Les territoires littoraux et sublittoraux privilégiés par les séniors
Si l’on doit faire une analyse territoire par territoire de la population sénior, la concentration la plus importante reste dans les régions littorales (Vendée, Charente-Maritime, Landes, Morbihan…) et sublittorales (Hautes-Alpes, Charente, Alpes-de-Haute-Provence, Ardèche…). Les 75 ans ou plus y élisent domicile, tandis que les plus jeunes fuient ces régions pour leurs études ou leur carrière professionnelle. La population âgée dans ces départements devrait progresser de 52 % d’ici 2035. Hors Hexagone, les départements et régions d'Outre-mer connaissent une gérontocroissance forte, notamment à La Réunion (+69 %) et en Guyane (+170,3 %) |
Et les aidants et le personnel soignant dans tout ça ?
Le parc de logements sociaux relève également d’autres résidents. D’un côté, les aidants (16 % des occupants), qui aident leur entourage en raison d'un problème de santé, d'un handicap ou du vieillissement. Ils sont près de 760 000 d’aidants informels, dont près de 130 000 âgées de 65 ans ou plus.
Sans compter également les professionnels de l’aide à l’autonomie (infirmiers, aides-soignants, auxiliaires de vie, etc.). Les ESH en dénombrent 240 000, soit 5 % logés. Au total, ils sont 250 000 personnes, dont plus de 165 000 locataires âgés de 75 ans ou plus à recevoir l’aide d’une tierce personne. Soit 27 % d’occupants.

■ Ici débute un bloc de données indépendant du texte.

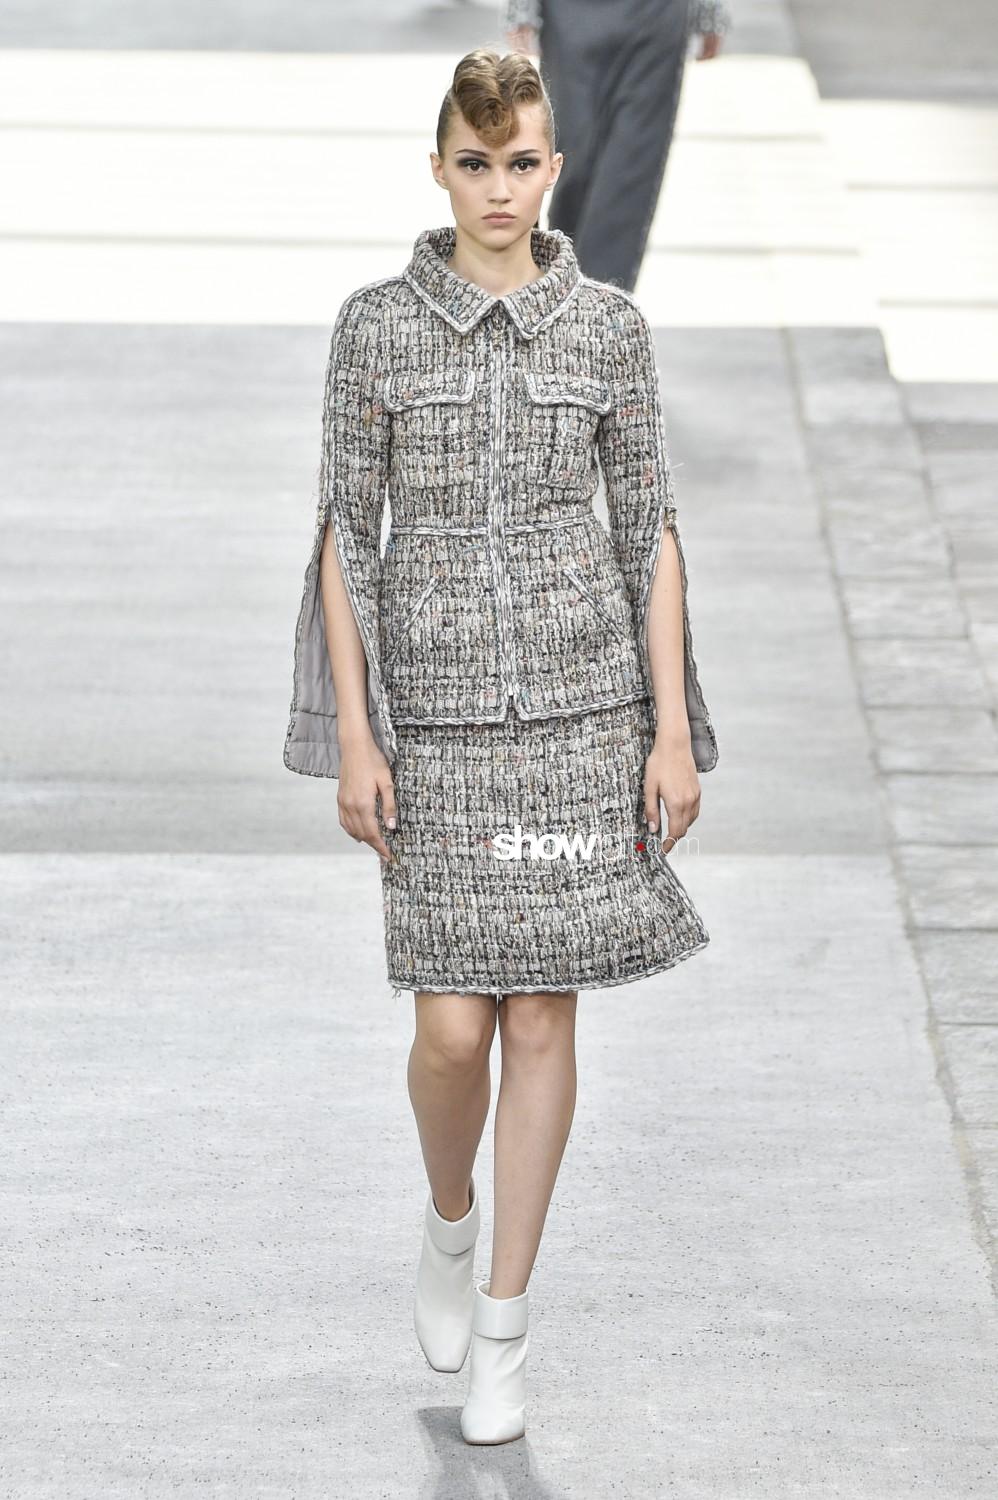 Chanel haute couture show is a postcard from idealised Paris, Chanel

À partir de ces résultats, la fédération des ESH a pu identifier quelques pratiques, notamment en matière de logement. Parmi les pratiques et initiatives saluées, on retrouve la réalisation d’un diagnostic par un ergothérapeute avant travaux d’adaptation. L’élaboration d’une offre de gamme de logements abordables pour les séniors, par des acteurs comme 3F Résidences, Polylogis ou Habitat En Région est notamment évoquée.
« Ces nouvelles générations de 65 ans et plus seront aussi plus attentives et intéressées par des solutions résidentielles intermédiaires (résidences autonomies ou résidences services seniors, habitat partagé, colocation, accueil familial...), si tant est que leurs ressources financières et culturelles le permettent », est-il précisé.